The test management tool we developed can be used to call different user interfaces of our test automation, i.e. Jenkins, Git, JMeter, the Dynatrace dashboard together with the test timeframe and our self-developed ReportEngine test report:

T-Systems test report gives an overview of results from JMeter for each test run
T-Systems test report gives an overview of results from JMeter for each test run

The result overview currently shows data from JMeter split by Use Case by parsing the JLT raw data.

Next Steps: Collaboration on Keptn

We always strive for more and easier-to-manage automation. Therefore, future projects will use a dedicated Jenkins pipeline library to reduce the manageable code in the Jenkinsfiles and to iterate faster.

Some already established and running load test projects are currently migrating to continuous load testing with pipeline integration rather than involving the load test team for manually triggering tests only when publishing major releases.

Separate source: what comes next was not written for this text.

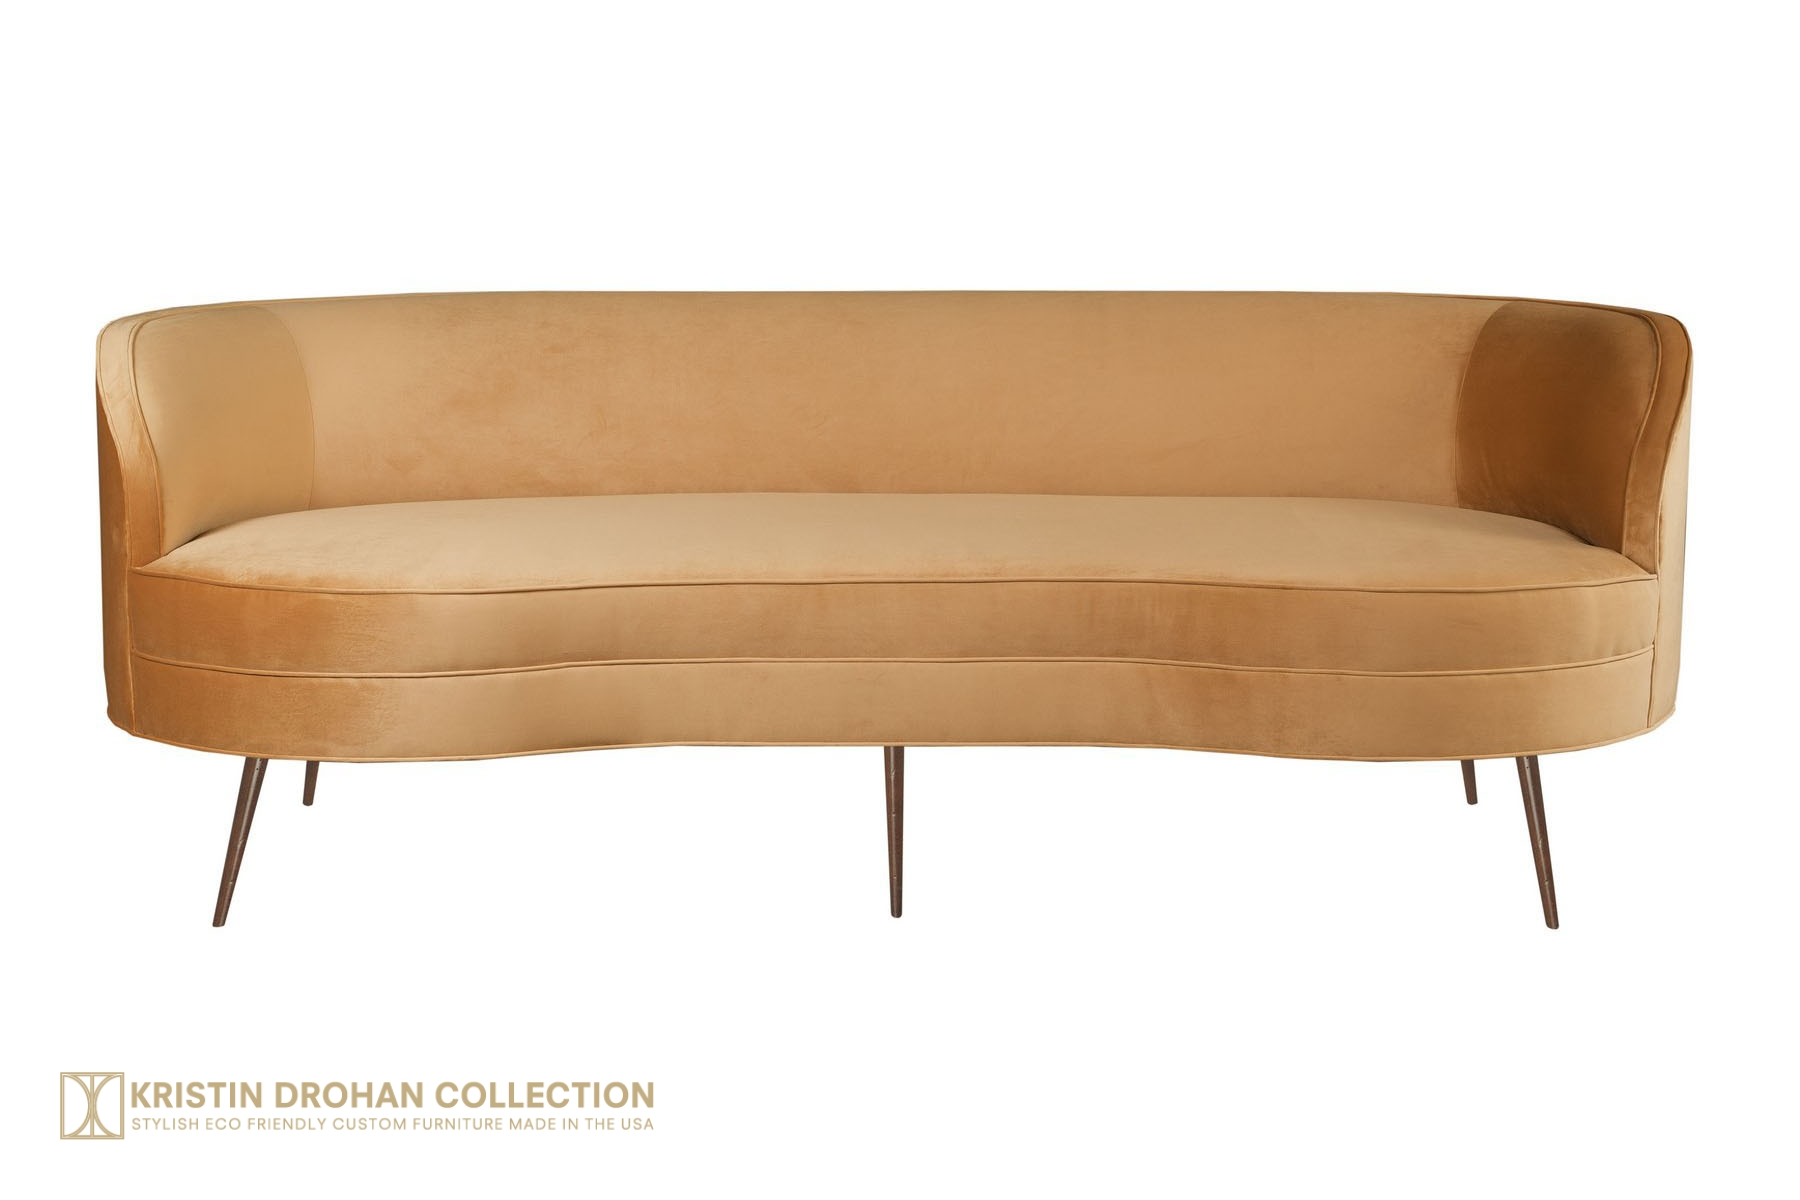 Sur mid-century modern sofa
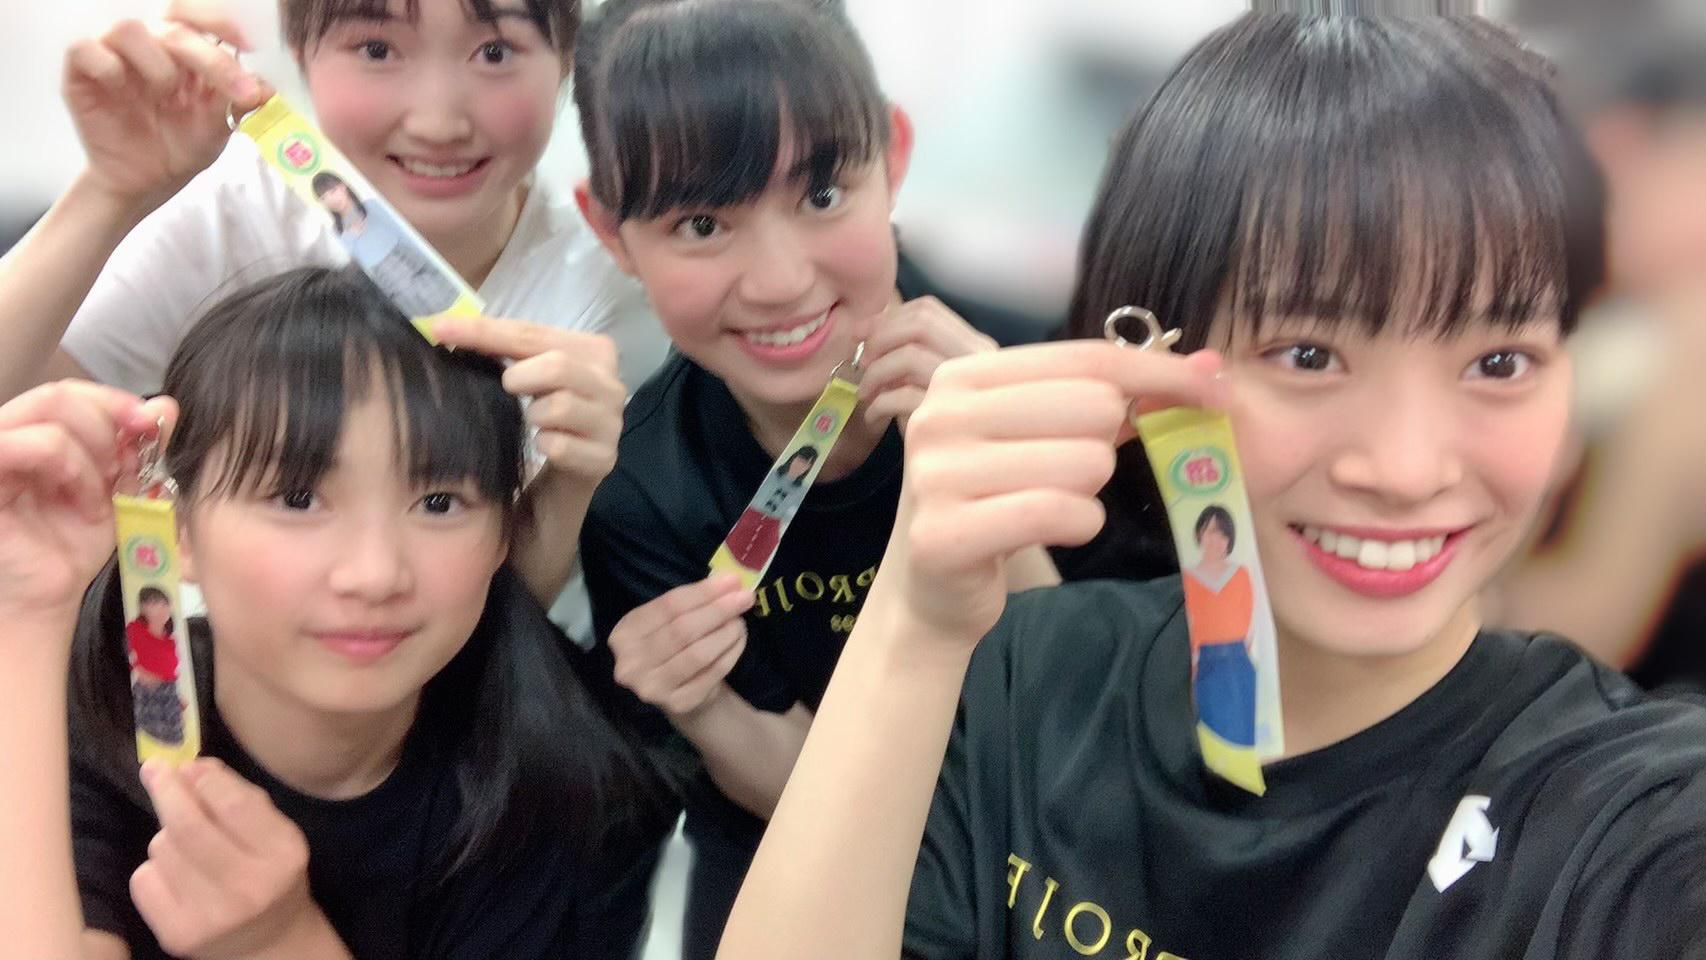 【Juice=Juice】宮本佳林応援スレPart.492【大天使】 YouTube動画>8本 ->画像>600枚

Our team is also collaborating with Dynatrace to standardize some of this functionality through the open-source project Keptn. At the core, Keptn uses an SLO (Service Level Objective) scoring approach to automate the analysis across multiple metrics (SLIs). This is functionality we intend to better integrate into Jenkins and our reporting capabilities. Furthermore, Keptn solves the interoperability challenges between multiple tools such as configuration management, infrastructure, deployment, testing, and observability tools. As switching or integrating new tools in an automation process is always a lot of work, we expect Keptn to help us lower the automation efforts in our current Jenkins pipelines. As Dynatrace also offers Keptn orchestration capabilities to their enterprise customers as part of their Cloud Automation solution the entry-level barrier for many organizations is very small!

I, Andreas Grabner, want to say Thank you to Raphael Pionke for his work and contribution to the performance engineering community. It was great collaborating on this blog post and I am looking forward to working closer with you on integrating your best practices into Keptn.